We are now about to come full circle. I began this series of posts by looking at Couchoud’s account of Gospel origins. That led to his arguments for the origins of the remainder of the New Testament literature, with particular attention to the possible role of Clement of Rome. I then said, What the heck, and decided to go through the rest of his book, too, even if it meant going back to the beginning, with the place of John the Baptist at Christianity’s foundations, early divisions within the church, Paul’s letters and his opposition to the Christianity represented by the Book of Revelation. Next, Couchoud prepares for his discussion of the creation of our New Testament Gospels. And that is where I begin this post. He first surveys the “state of Christianity” in the Empire in the decades following the 70 CE destruction of Jerusalem — in particular, what various “Christianities” looked like in various quarters of the Roman empire: Ephesus, Antioch, Alexandria, Rome.

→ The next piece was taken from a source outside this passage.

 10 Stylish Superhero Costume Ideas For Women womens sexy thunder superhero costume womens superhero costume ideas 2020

The passing of the prophets
Couchoud attributes the rapid growth of earliest Christianity to the zeal of its prophets. As the churches grew the prophets multiplied exponentially. But “prophecy does not tolerate mediocrity.”

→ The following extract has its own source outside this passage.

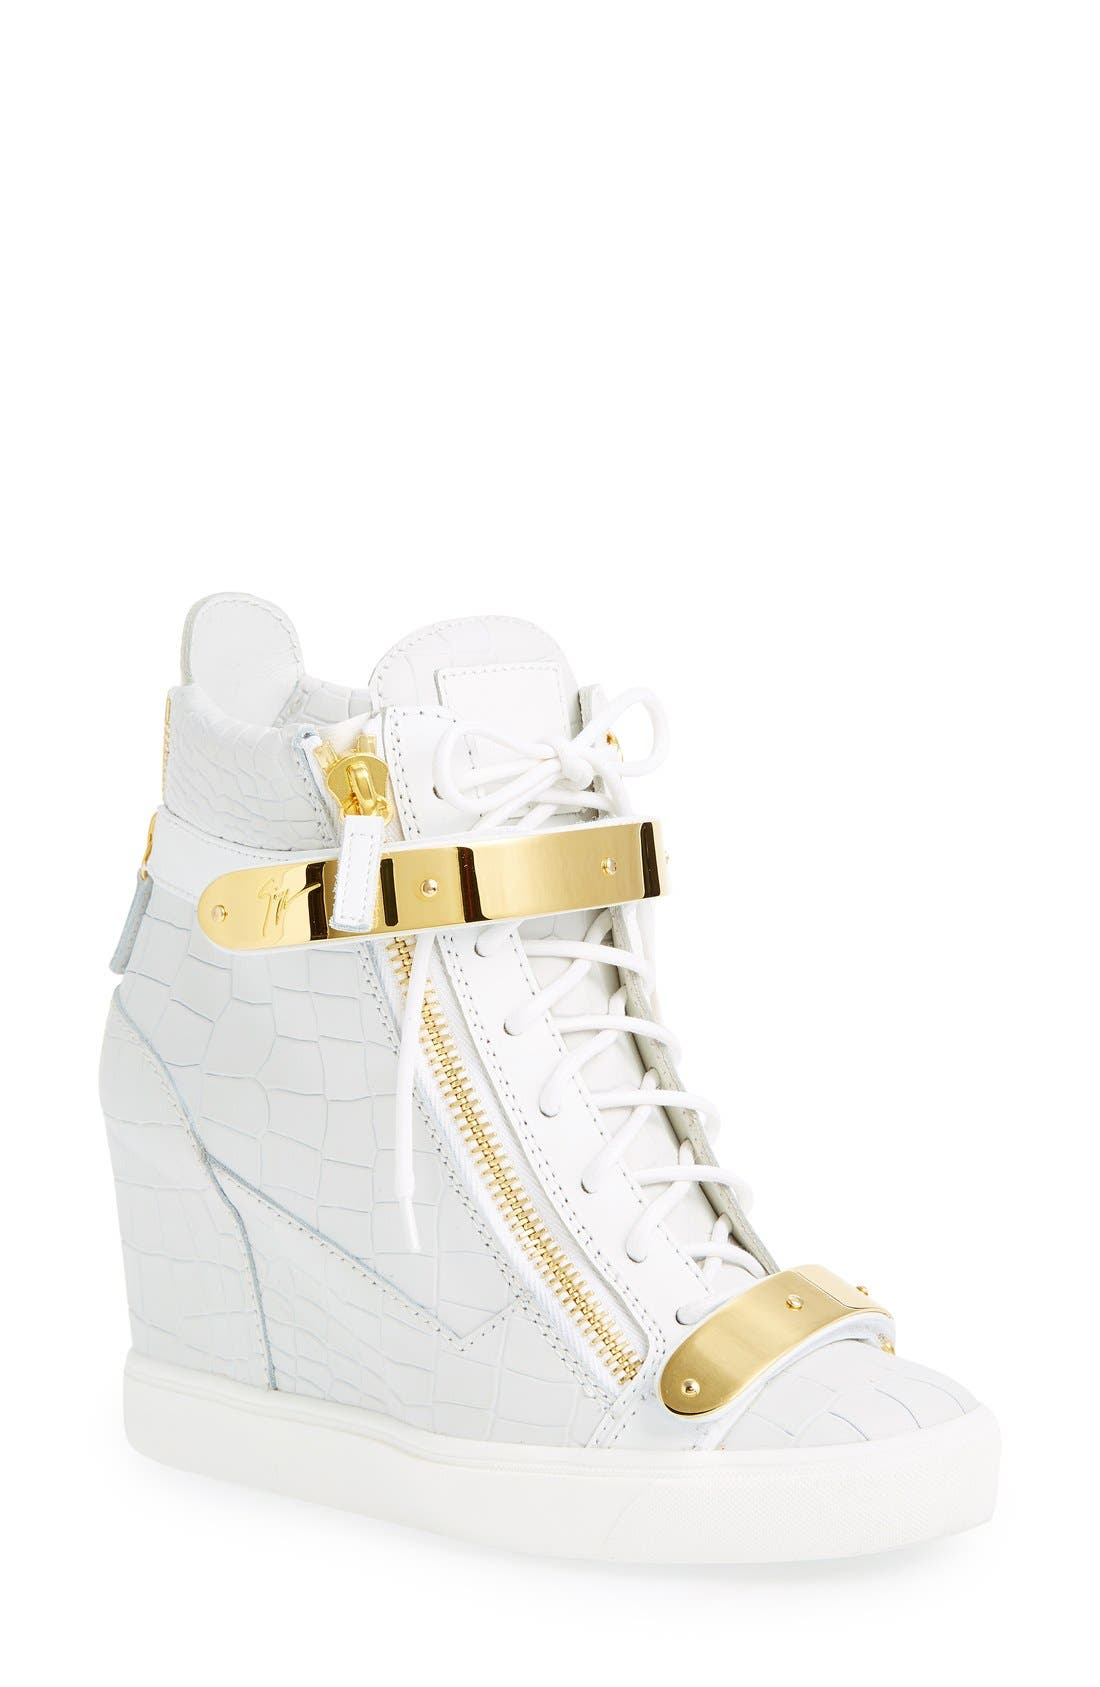 Alternate Image 1 Selected - Giuseppe Zanotti'Lorenz' Wedge Sneaker (Women)

Paul and John were the torch-bearers of the procession, and after them came a great multitude of minor prophets, who left nothing capable of survival. Their finest inspirations would have been utterly lost if it had not been for the flowering of the gospels. (p. 109)
The strengths of the prophets were also their undoing:
The prophetic gift is a principle of anarchy. Each prophet is divinely inspired, therefore of the highest authority. Where their divine inspirations disagreed, there was a dispute, and there could develop no common accord. What had brought about the end of the Jewish prophets of six centuries before now brought an end to the Christian prophets. The Lord was late in coming; the ekklesia which anxiously awaited the Advent became over-numerous and their adherents difficult to manage. Re-organization of bankruptcy became the word of the day. (p. 109)

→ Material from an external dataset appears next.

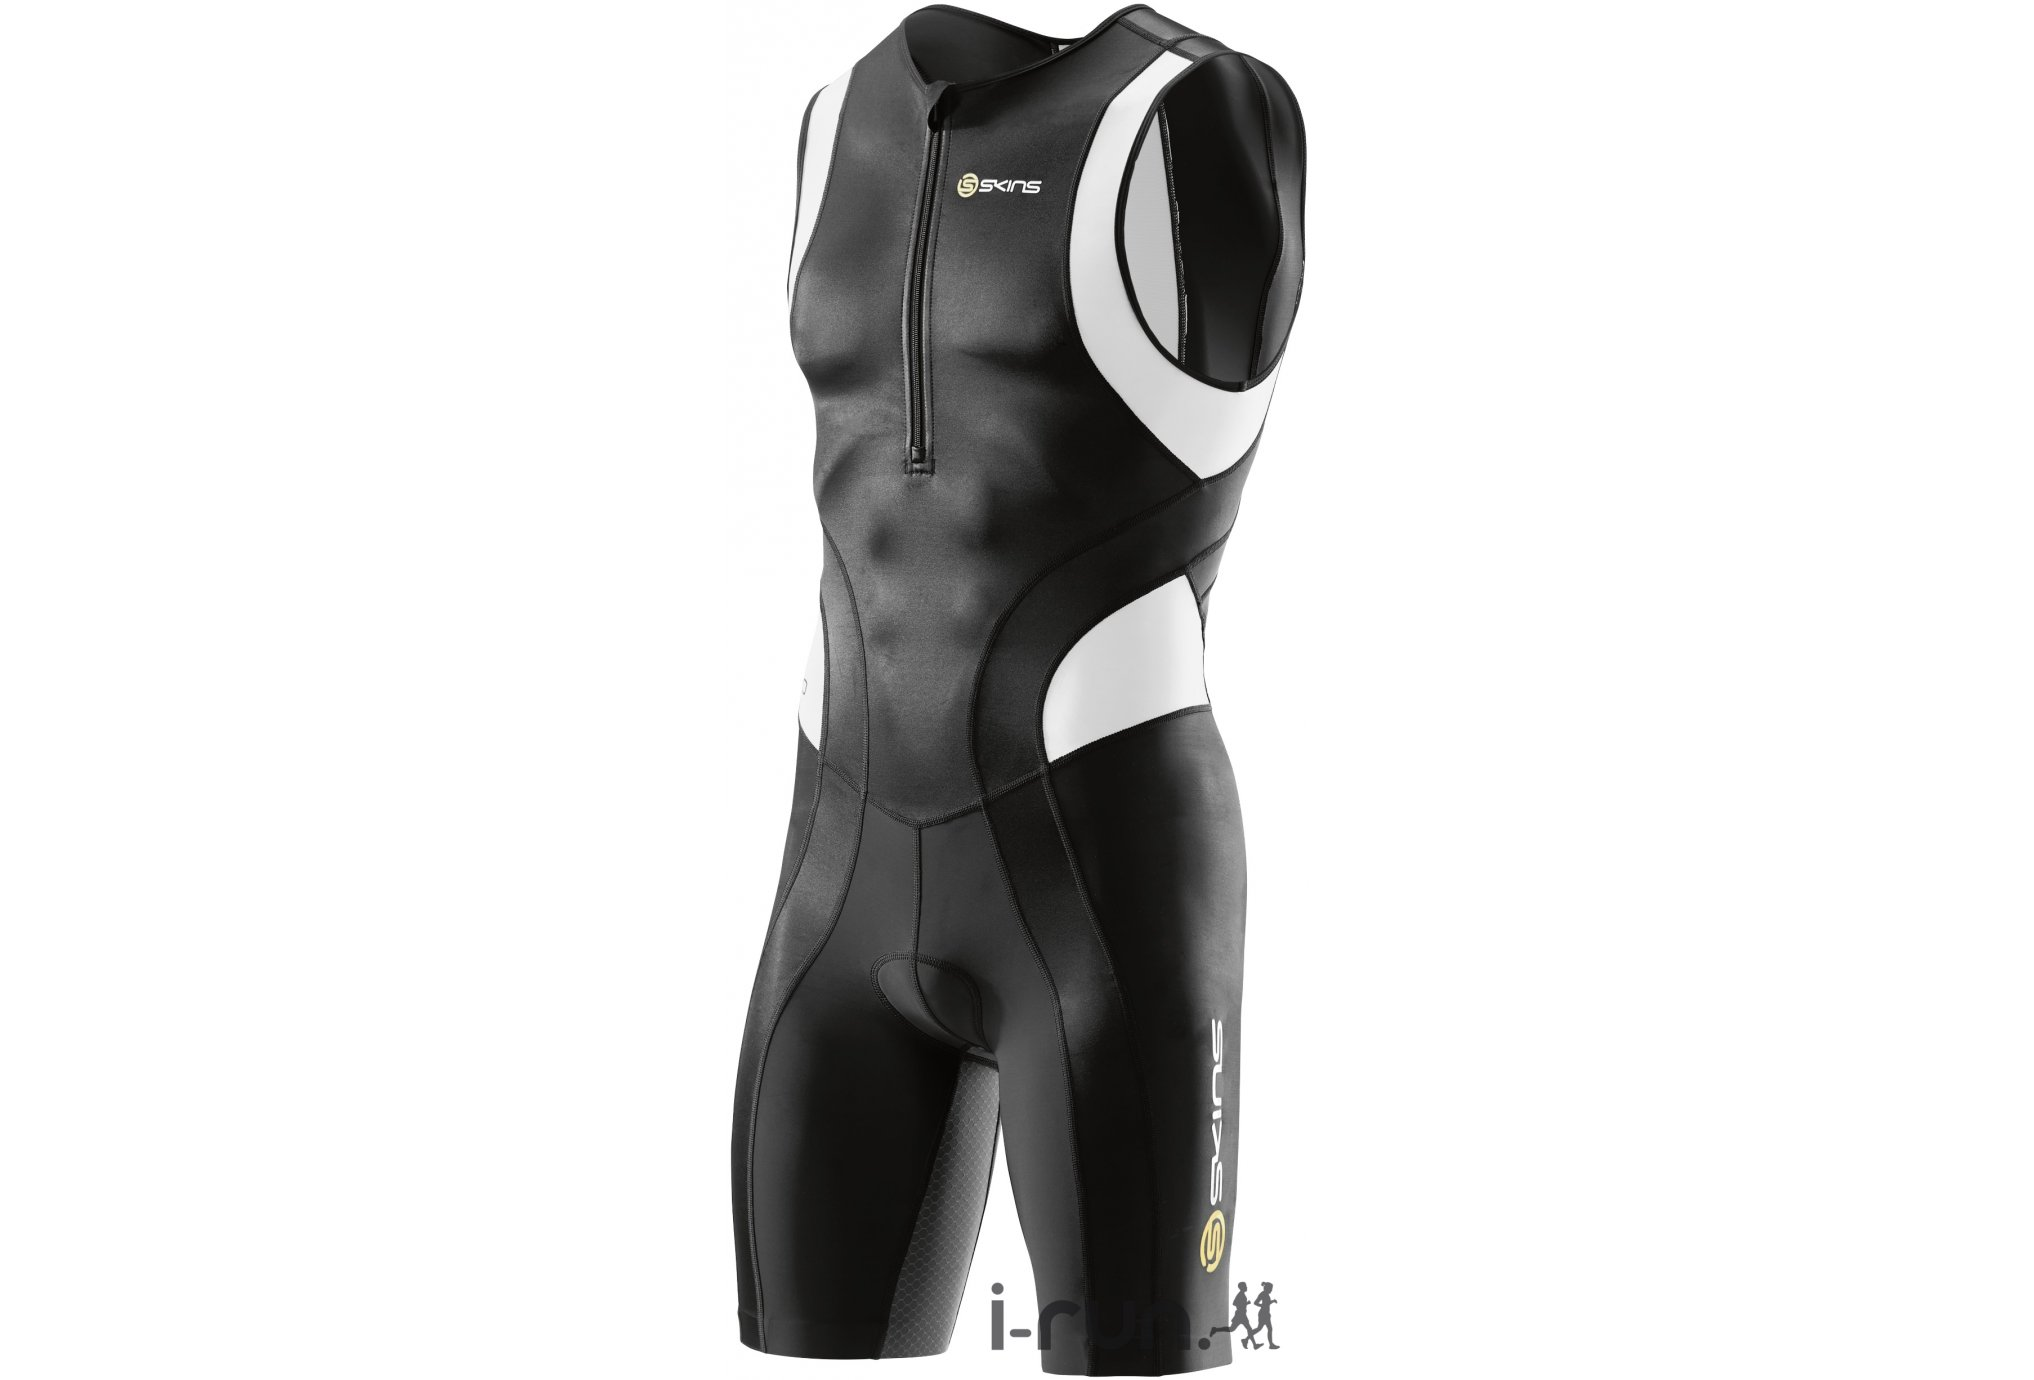 Skins Combi Tri400 M vêtement running homme

So by the year 170 the church had reorganized itself and was in no danger of being undone when Montanus and his two prophetesses arose to disturb the ecclesiastical peace in Asia Minor. By then the church had a powerful weapon to defend itself against such spirit-inspired anarchy: a Book, or Books, of the Life and Teachings of the Lord Jesus. But what was happening to the churches before these gospels appeared?
The most obscure period in the history of Christianity
The half century from 70 to 120 “is the most obscure period in the history of Christianity”. Couchoud, following Joseph Turmel, aka Henri Delafosse (machine English translation here), dates the letters of Clement and Ignatius to around 150 c.e. That leaves “scarcely a document of any importance” through these 50 years.
So the generation following those who knew Paul and John leave not a trace. Curtain falls. Long intermission.
Act 2: Pliny the Younger, Jerusalem is a memory
When the curtain rises once more, we are in the year 111, and the scene is in Bithynia and Pontus, the province of Pliny the Younger, who expresses his astonishment at finding the country infested with people who ought to be condemned to death. Not for many years has the centre of Christianity been in Jerusalem. That city is slowly recovering from its destruction by Titus. The Church has four provinces — Rome, Alexandria, Antioch, and Ephesus. (p. 110)
Asia Minor / Ephesus
This region where both Paul and John had preached was where the most Christians were to be found. Macedonia and Greece were its adjuncts.
Elders in the city of Ephesus repeat and share their reminiscences of John and turn many of these into legends.
In Ephesus Christ-followers competed with disciples of John the Baptist. Jews and Samaritans lived side by side. An anonymous successor to John, and one with deeper spiritual sensibilities and thoughts, was to emerge from Ephesus. Northern Asia Minor, in the Pontus region, a successor to Paul was soon to emerge in the person of Marcion.
Syria / Antioch
Antioch, a town of Greek culture, was on the borders of the Aramean country which lay about Berea (Aleppo), Hierapolis, Nisibe, Edessa, and the frontiers disputed between Roman and Parthian. It was particularly in this Aramean part of bilingual Syria, widely peopled by Jews from ancient date, rather than in the Grecian part, that Christianity took a strong hold. (p. 110-111)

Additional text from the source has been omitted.